Теперь, когда самое тяжелое осталось далеко позади, Уромов мог бы вспомнить, как он и другие экипажи его эскадрильи с яростным ожесточением громили противника, совершая иной раз в ночь по два вылета. Они успевали везде. Их бомбардировщики настигали противника в Орше, Минске, Курске, Житомире, Варшаве, Гданьске, Хельсинки и Будапеште.
Однажды был получен приказ: немедленно накрыть бомбами железнодорожную станцию. Погода отвратительная, но удар нужно нанести срочно, пока враг не рассредоточил скопившиеся на станции эшелоны с войсками, боевой техникой и боеприпасами. На выполнение задания поднялись несколько опытных экипажей.
Бомбардировщики подходят к цели. Как назло, облачность еще более сгустилась, пошел снег. Видимости никакой. Вернуться? Это значит не выполнить боевую задачу. Больше получаса колесили летчики по воздушным ухабам около станции. Снижались, снижались и наконец дошли до бреющего полета.
Уромов не выдержал и кричит своему штурману, капитану Колчину:
Славка, где же твоя цель?
На карте вижу, а на земле нет.
Эх, никудышный ты штурманяга!
Ну, это еще посмотрим. Доверни вправо пять.
И снова самолет несется низко над землей, в гуще снега. Вскоре выскочили на полотно железной дороги, [198] а дальше по нему, можно сказать, ощупью добрались до станции. Немцы никак не ожидали в такую погоду визита бомбардировщиков. На станции горели сигнальные огни, хорошо были видны на белом фоне расчищенные пути и на них эшелоны с паровозами, от которых шел серый дым.

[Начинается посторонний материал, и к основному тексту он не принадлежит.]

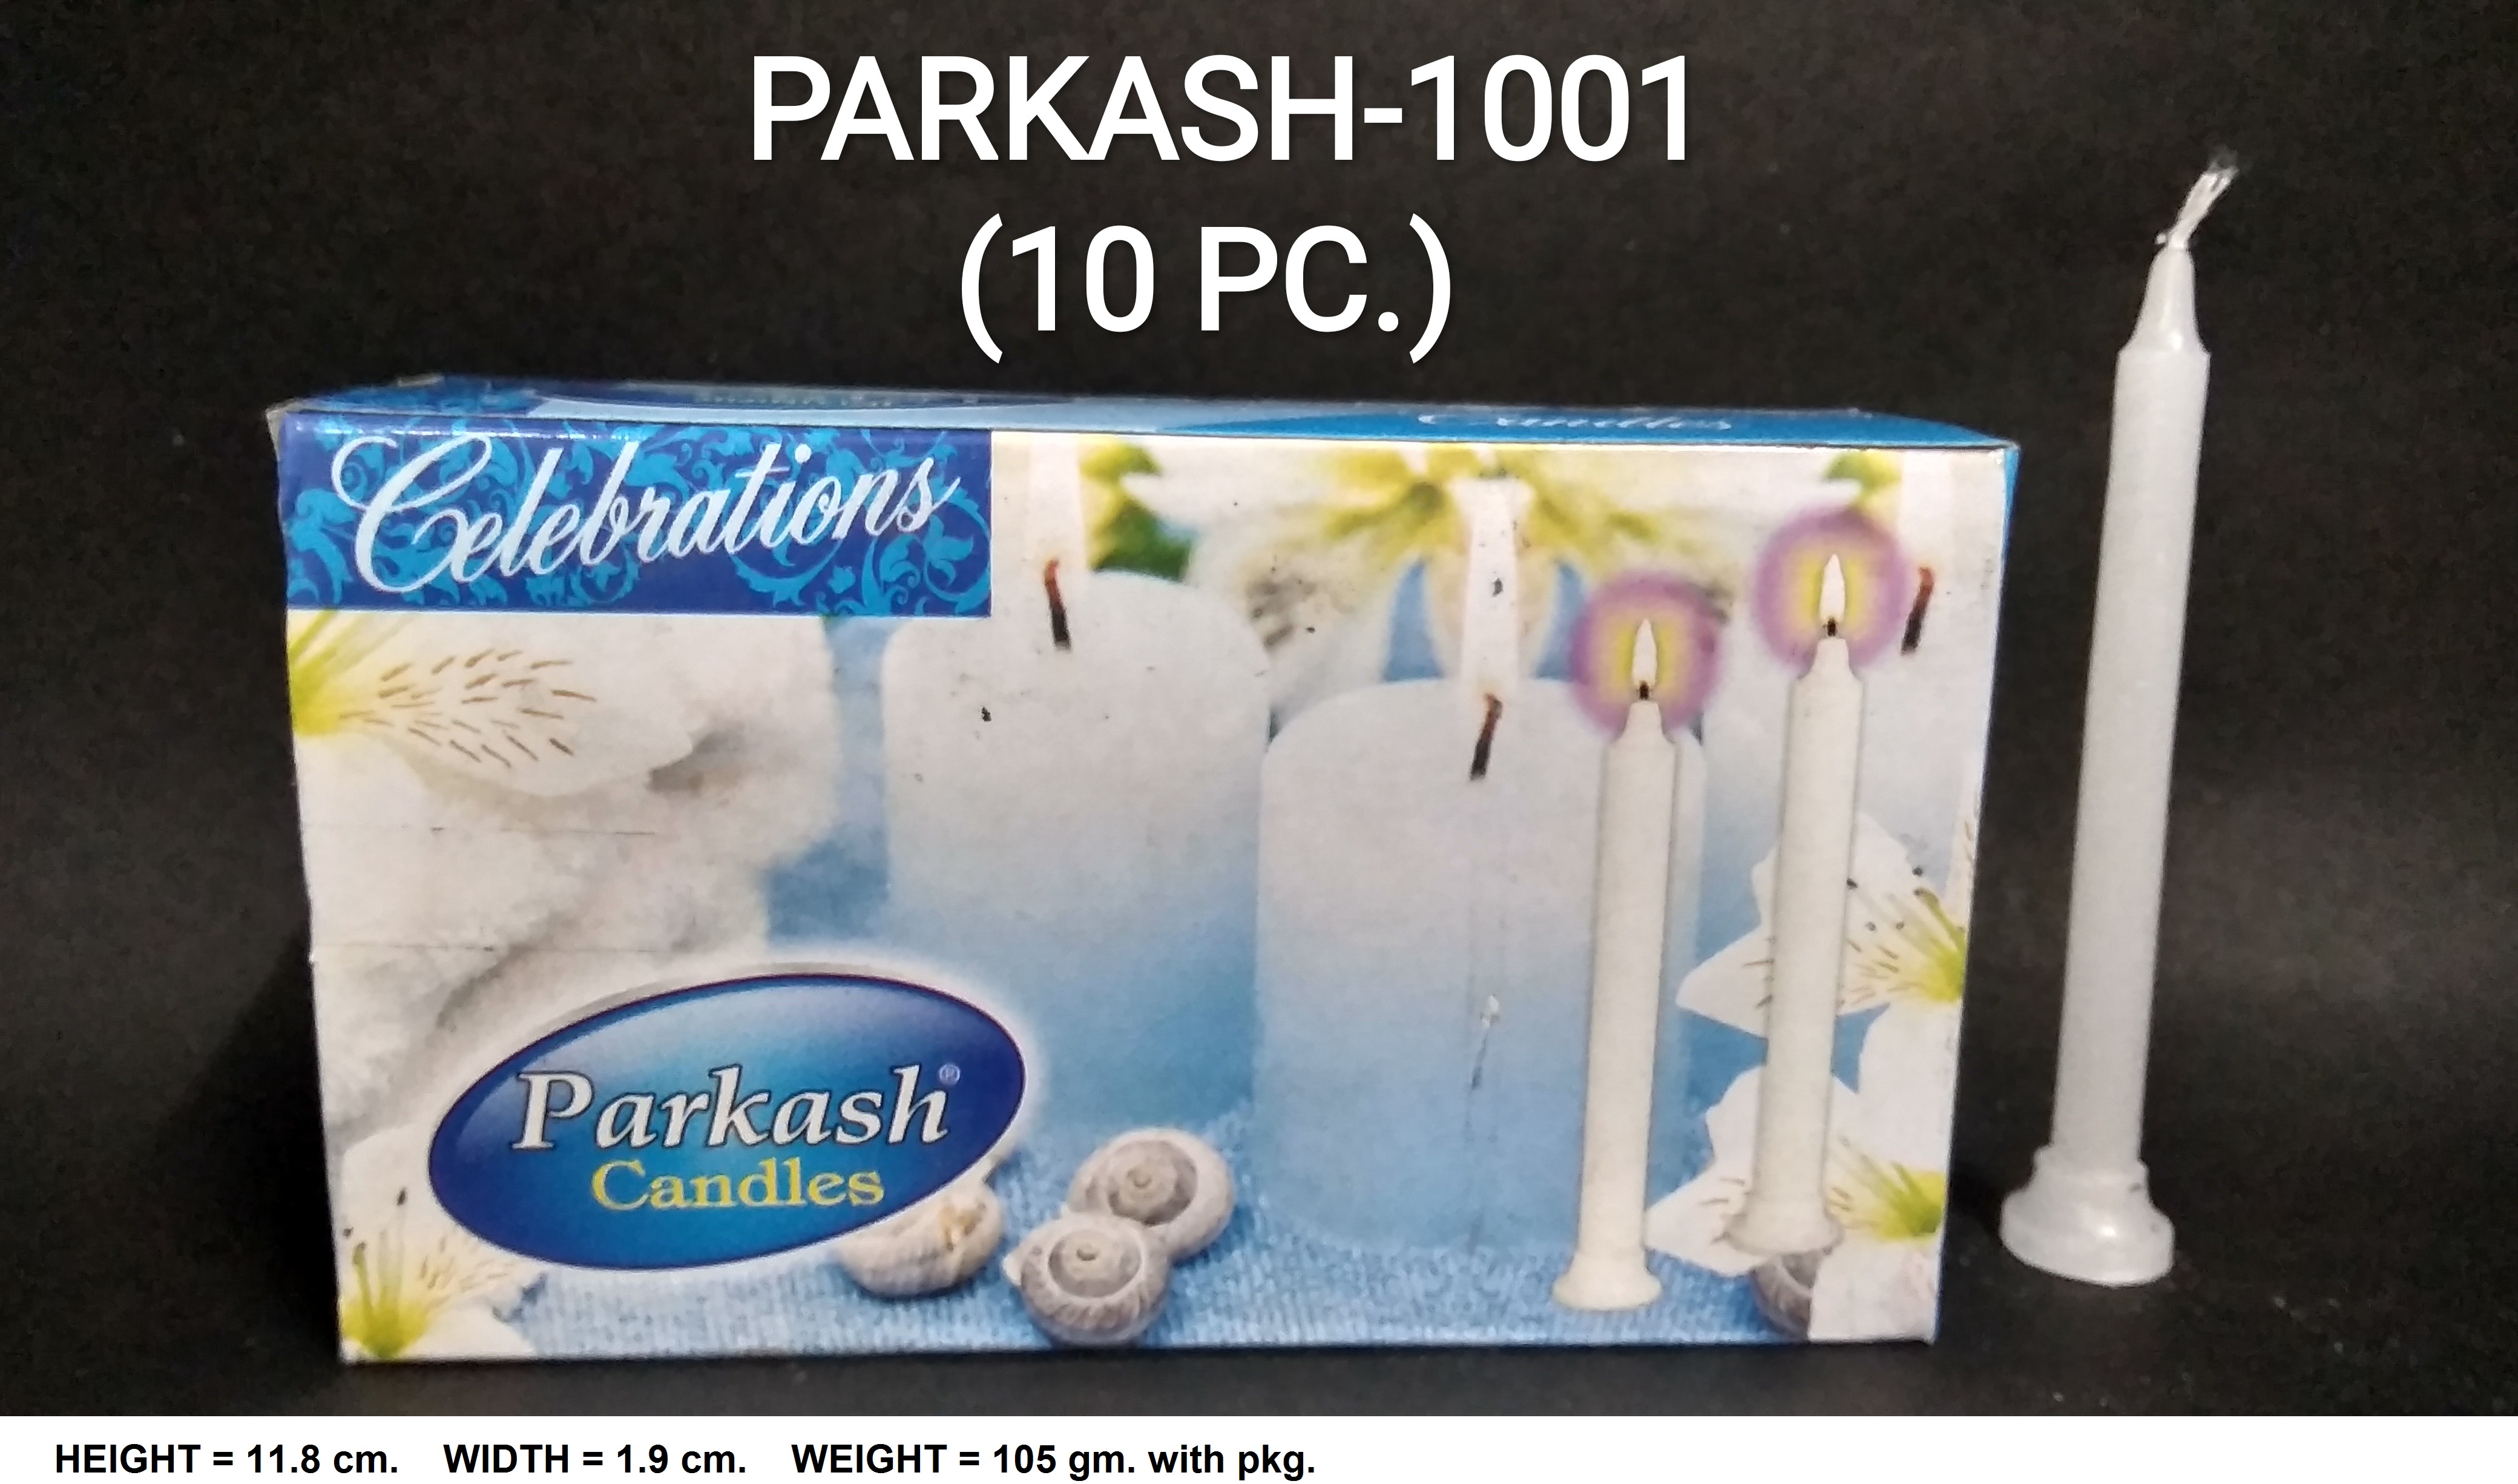 PARKASH-1001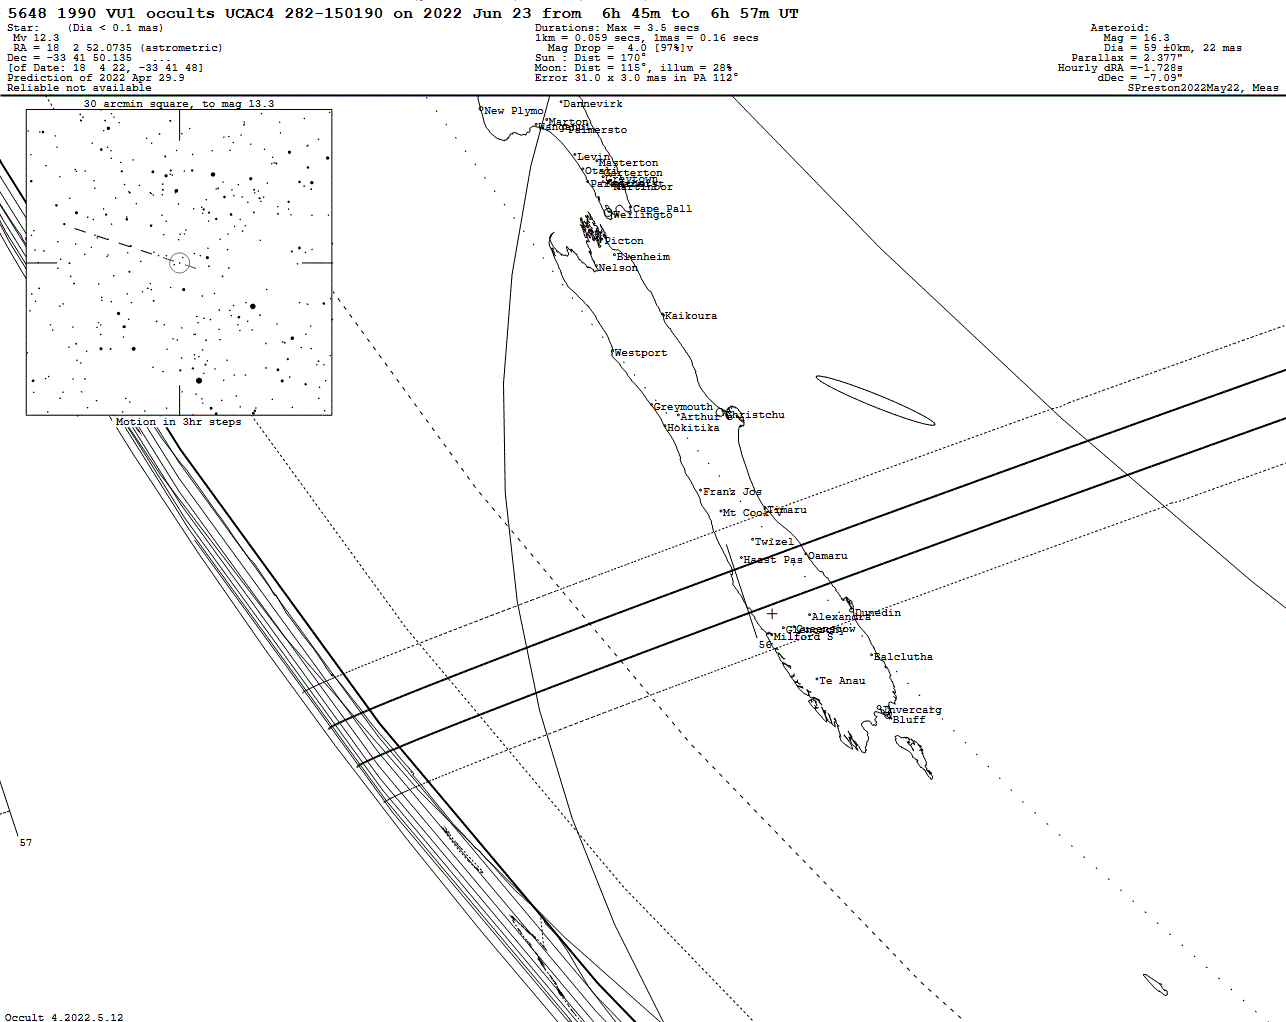 1990 VU1 Update Map

Бомболюки открыты. Колчин сигналит огнями, он просит немного довернуть. Уромов точно делает доворот и затем выводит самолет на боевой курс. Штурман уже ловит в окуляр черную полоску эшелонов. Потом он резко нажимает на боевую кнопку бомбосбрасывателя. Фугаски и зажигалки летят вниз. Корабль выходит из прямолинейного полета и, делая разворот, уходит прочь от станции.
Вот это дело! весело кричит летчик. Так их, мерзавцев!
Эшелон ярко горит. Несколько бомб угодило прямо в вагоны. От пожара ярче осветились станция и пристанционные строения. Это отличный ориентир для идущих сзади остальных бомбардировщиков.
Штурман вновь сигналит и на полном серьезе спрашивает:
Как работа, командир?
Беру свои слова обратно. Ты, Славка, прекрасный штурман.
В другой раз были получены разведданные о том, что в город Рославль прибыл крупный эшелон с горючим. И это как раз в момент наступления наших войск. Необходимо немедленно сжечь эшелон! Но агентурная разведка передала новые сведения: эшелон с цистернами угнан со станции в северо-западном направлении. Вспомнили, что недалеко от города имеется ветка-тупик. Видимо, эшелон загнан в тупик. К вечеру нашу догадку подтвердила и агентурная разведка.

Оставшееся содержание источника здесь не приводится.